Vogelsang has been a member of PUMC for 54 years, where she is a faith community nurse, and no activity during that time has brought her more joy than working with kids.

“Kids are our future,” she said. “If we don’t take care of the kids, we have no future.”

When teaching Sunday school to children ages 3 to 6, it’s not hard for her to see the possibilities of the future, even though it can be challenging to keep the kids’ attention.

“Kids see things in a different way, and all of the generations are different,” Vogelsang said. “You always learn new things because kids look at things a different way.
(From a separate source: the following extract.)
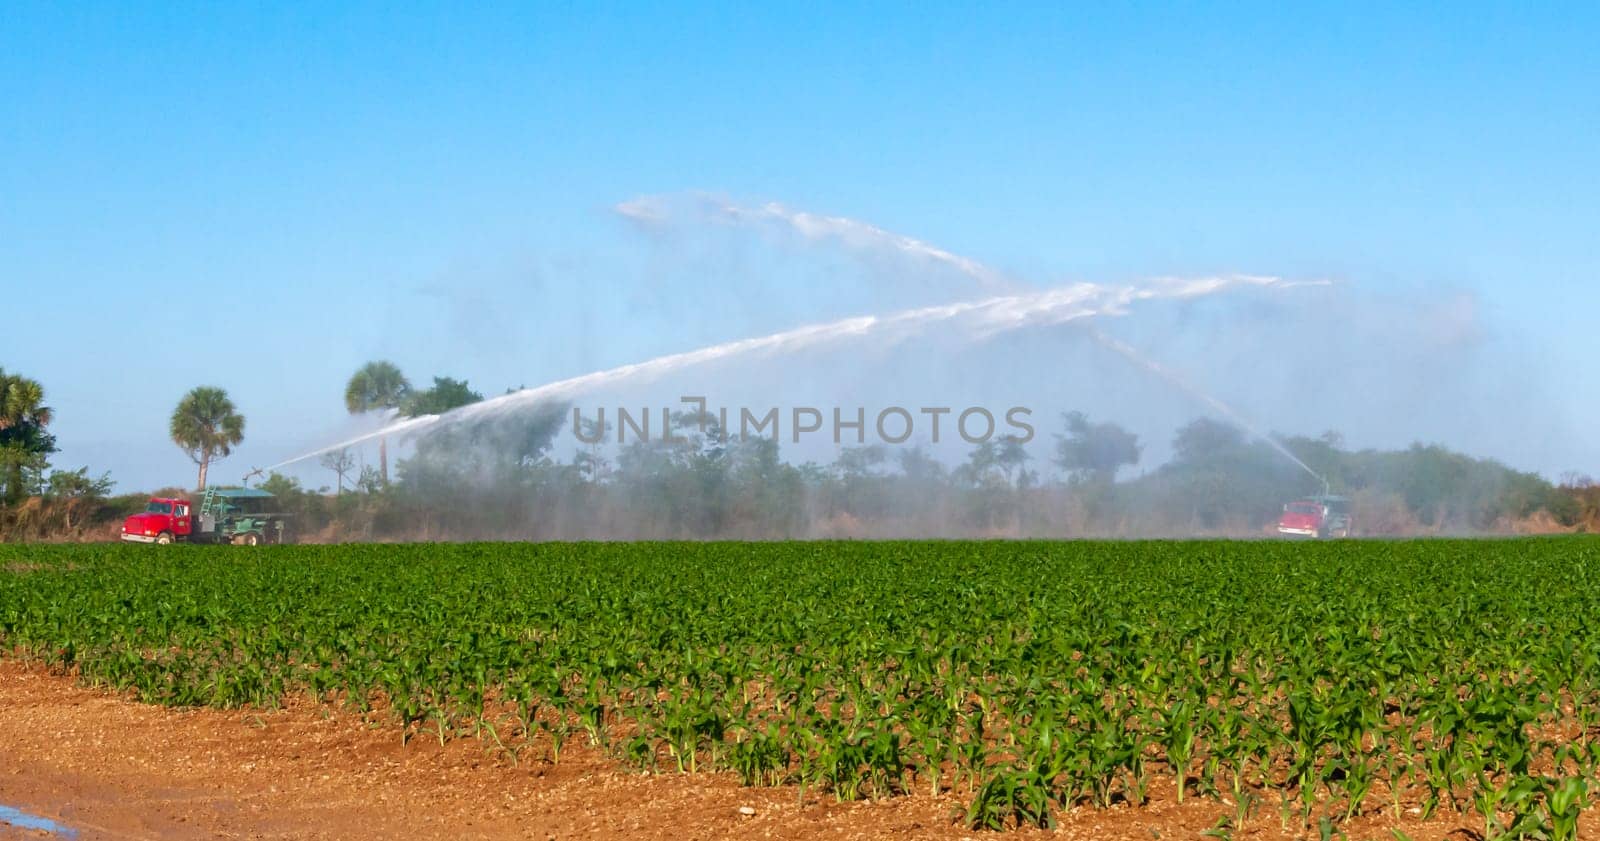 USA, FLORIDA - NOVEMBER 30, 2011: a fire truck spraying water on a field of corn, Florida

They keep you on your toes.

“That’s why I like National Night Out: the kids are so excited to see the police,” she added. “It’s free for kids. Any age category can come.”

During the most recent National Night Out on August 6, Vogelsang waved people from the parking lot toward the activities. She was also involved in planning the event. For the night of August 6, she recruited Boy Scouts, Girl Scouts and kids from Pasadena United Methodist Church.

“I want to get the kids involved in the community and know they count. It’s more than a badge,” she said. “Our church is between the fire and police stations, and they need to know it’s a safe haven. It’s a good place to be.”

While she is proud to live in Pasadena, Vogelsang is also attends Greater Severna Park Council meetings and tries to stay informed on matters affecting both zip codes. When overdevelopment occurs, her first thought is often about the kids. Why doesn’t the proposed complex have a playground? Will the kids be safe if their bus stop is located on Ritchie Highway?

As a member of the community, she feels compelled to look out for others the way her former neighbors took care of her. “Everyone needs to work together,” Vogelsang said.